Виола вдруг сорвалась со своего места и нервно заметалась взад-вперед, что-то бормоча себе под нос.
− Рисунки помните? – спросила она, останавливаясь.
− Что?
− Рисунки на ее темнице. Правда, я на них смотрела мельком, пока мы обсуждали, как найти человеческое жилье… Помните, там была женщина в окружении фигурок поменьше… еще про опасность было написано, ну, вспомнили?
− Знак метаморфоз, – проворчал Веслав. – Какого веха вы мне его не описали? Если бы я увидел – сразу бы сказал.
− Ты же был занят, − огрызнулась я. – Облизывал камни защитного контура, если сам забыл.
Йехар тоже вскочил и по примеру Виолы заходил вокруг костра. Пару раз он щелкал пальцами, да так, что во все стороны летели искры. Стихия давала себя знать.

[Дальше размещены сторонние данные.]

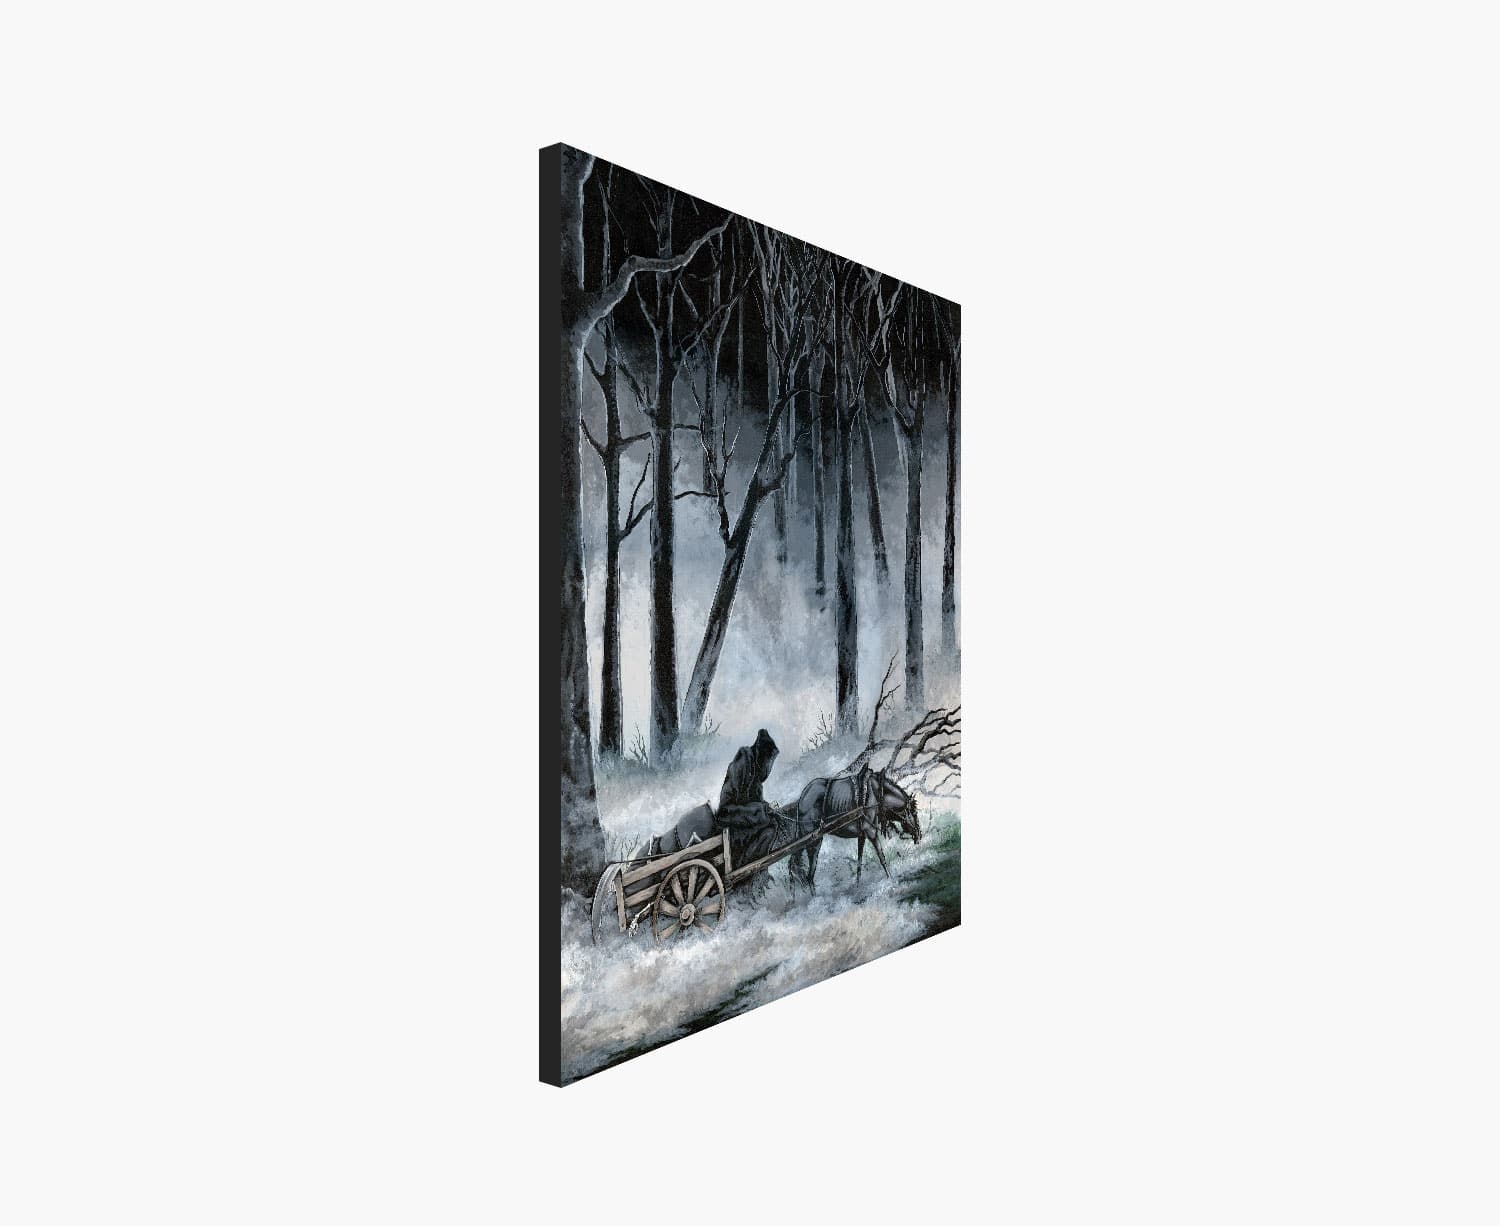 Print of a Grim Reaper on a Horse Drawn Wagon Riding through a Foggy Forest

− Она может менять личины! Теперь понятно! Она могла стать кем угодно: прелестной нимфой для Зевея, она могла быть среди жриц Гейкаты – для Гээры… Но как же… кто же ее освободил, кто решился на столь черное деяние, какой невероятный злодей?
− А я бы не сказал, что так уж и злодей, − рассудительно заметил шут. − Я бы сказал: полный придурок. Злодей бы все-таки понимал, чем такое может кончиться, а вот если бы кто-то вроде меня или Бо… или вот…
− Алгена.
Алхимик щурился на огонь, и его лицо было зловеще спокойным. Только губы немного подрагивали.
− С чего ты взял?
− Когда ковырялся в архивах по эффекту Медеи, просмотрел на всякий случай здешние карты. Так, память освежить. Так вот, место, где Арка нас выкинула, не особенно далеко от Микеи. Правительницей этих мест является Алгена. И если вы знаете кого-то, у кого мог быть доступ к такому количеству девичьих сердец…
− Еще Гермафродит.
− Который вот так спокойно гулял в окрестностях все это время? Мое мнение: царица, тем более что дальновидные боги наверняка призабыли заткнуть Атее рот, так что она могла очень многого наобещать своей освободительнице. Молодость, например. И красоту.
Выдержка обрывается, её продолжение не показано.